What I was asking (sorry to jump on to someone elses thread), was when calculating volts drop, is do you need to double the length to take into account the return via the neutral in your (mV/A/M)/1000 calculation ?

I cannot find where the calcs are for this at the minute, I cannot see it in the BRB or GN3, it may be in unites red book

No. The mV/A/m take into account the neutral.

They're worked out using the resistance of both line and neutral.

(R"1 + R"n) x Ct

R"1 = resistance per meter of line conductor
R"n = resistance per meter of neutral conductor
Ct = rating factor for operating temperature of conductor

Example

2.5mm² cable

R"1 = R"n = 7.41mΩ/meter at 20°C (Table 9A OSG)
Ct = 1.2 (corrects resistance for 70°C) (Table 9C OSG)

(7.41 + 7.41) x 1.2 = 17.78 (rounded up to 18)

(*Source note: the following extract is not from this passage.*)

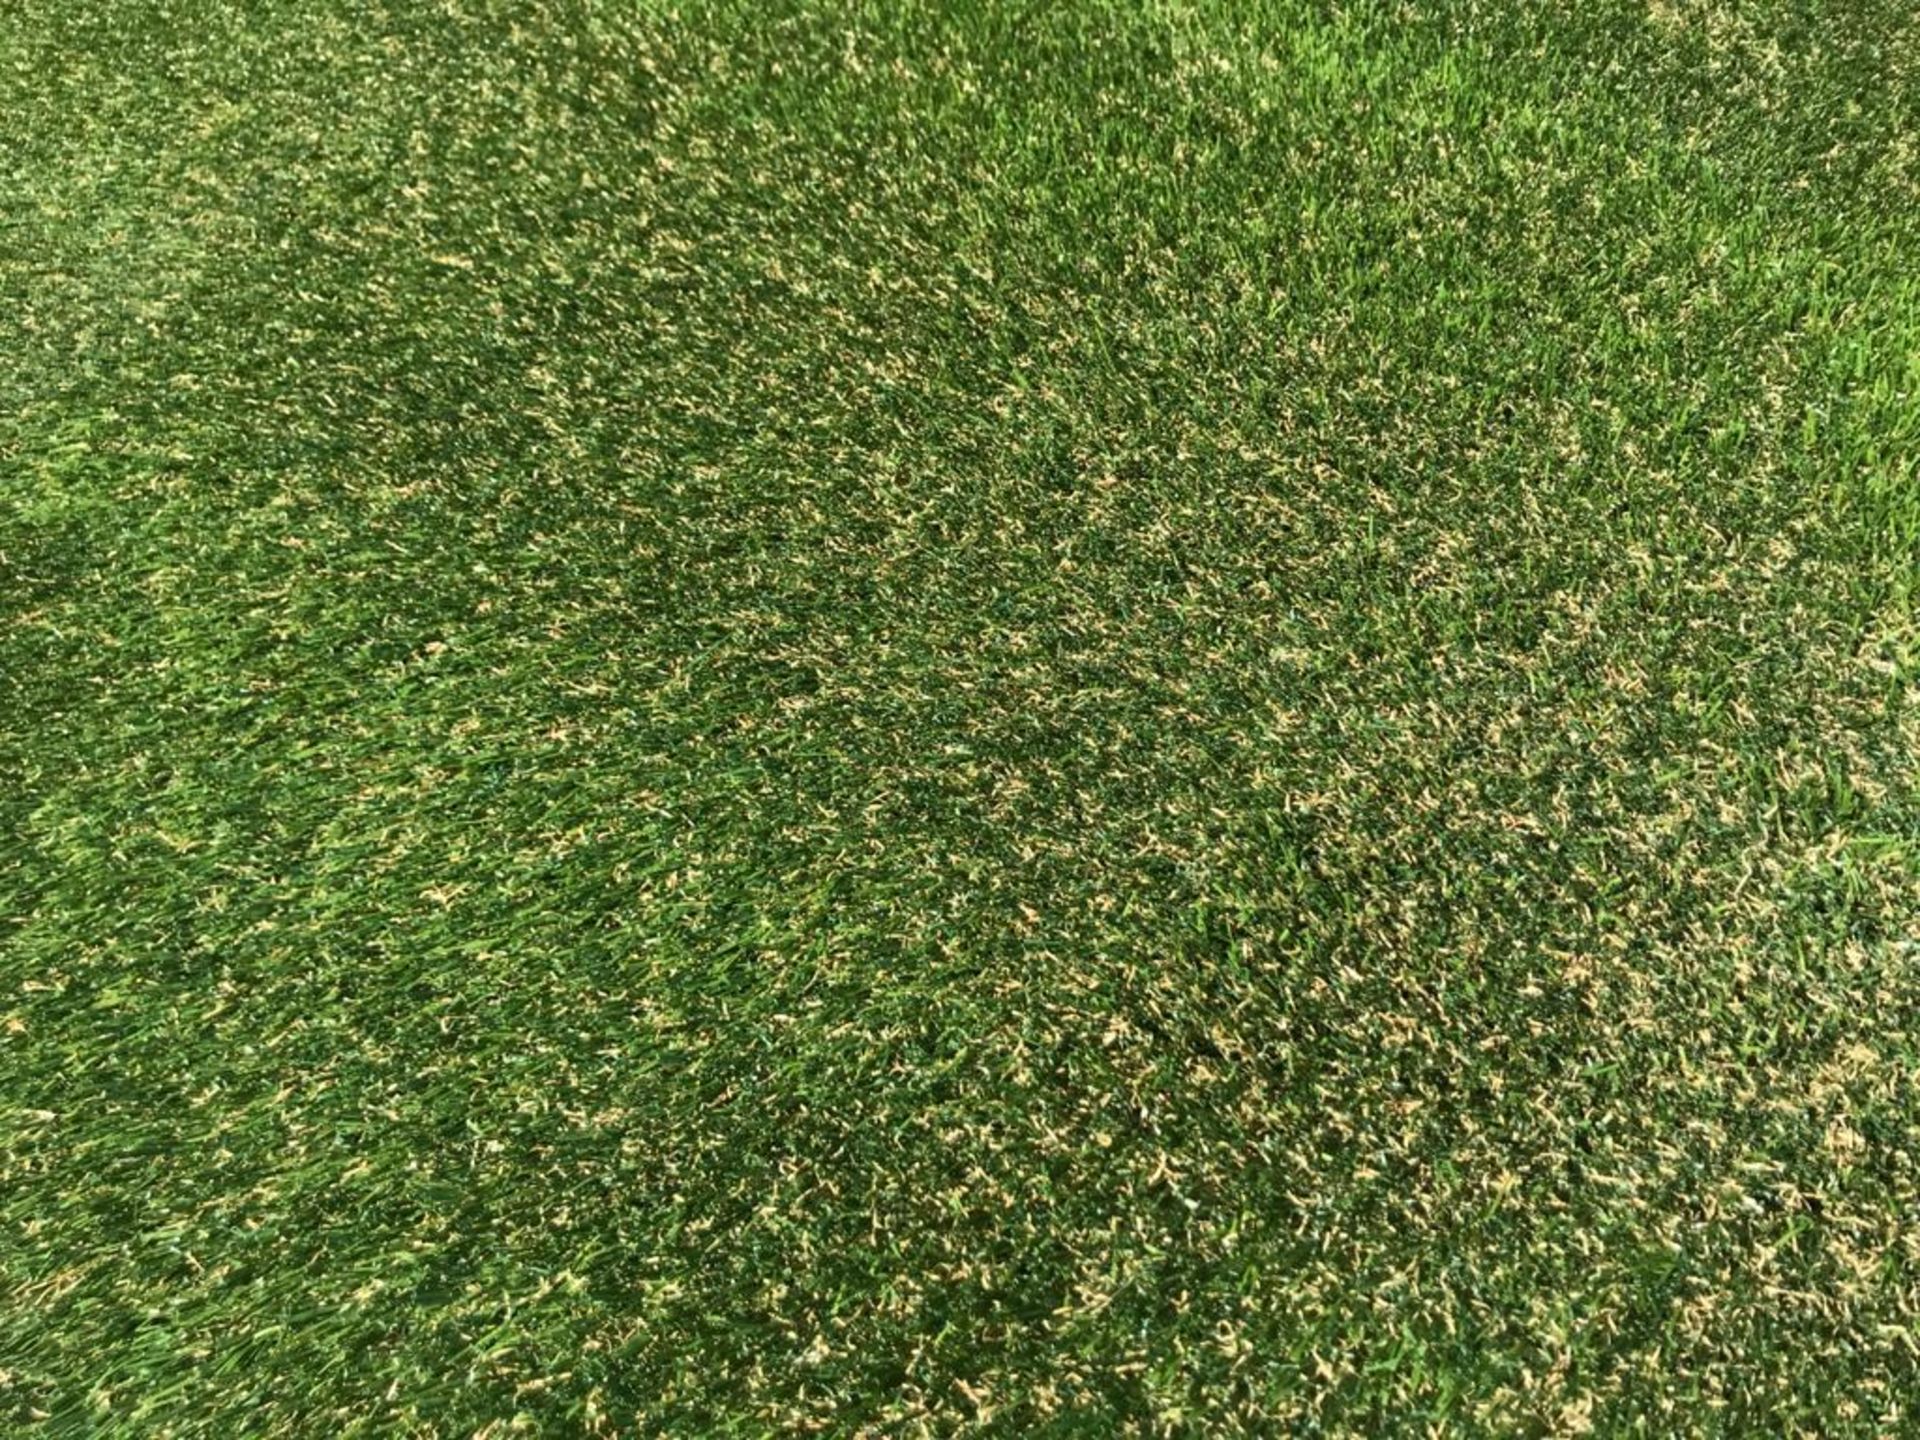 25x4m roll Playrite Nearly Grass Premium Artificial grass 35mm thick

mV/A/m for 2.5mm² is 18 (Table 6D2 OSG)
 
Last edited by a moderator:
Thanks Jud,

That clarifies things, I was just working it out another way, (possibly wrong) as I was not sure if the neutral return was taken into account.

The OSG (6D2) is the easier method.
 
Last edited:
Thanks IQ,

I have a big thick book of calcs somewhere, but it is fairly heavyweight mathematics.

I wanted to Know this for both the 2391-10 and to understand it for if I have to design for this.

As always there is more than one method, and I don't want to mix them up

It caught a few people out on one of last years 2391-10 papers, just giving conductor resistance values.
 
Thanks Jud,

That clarifies things, I was just working it out another way, (possibly wrong) as I was not sure if the neutral return was taken into account.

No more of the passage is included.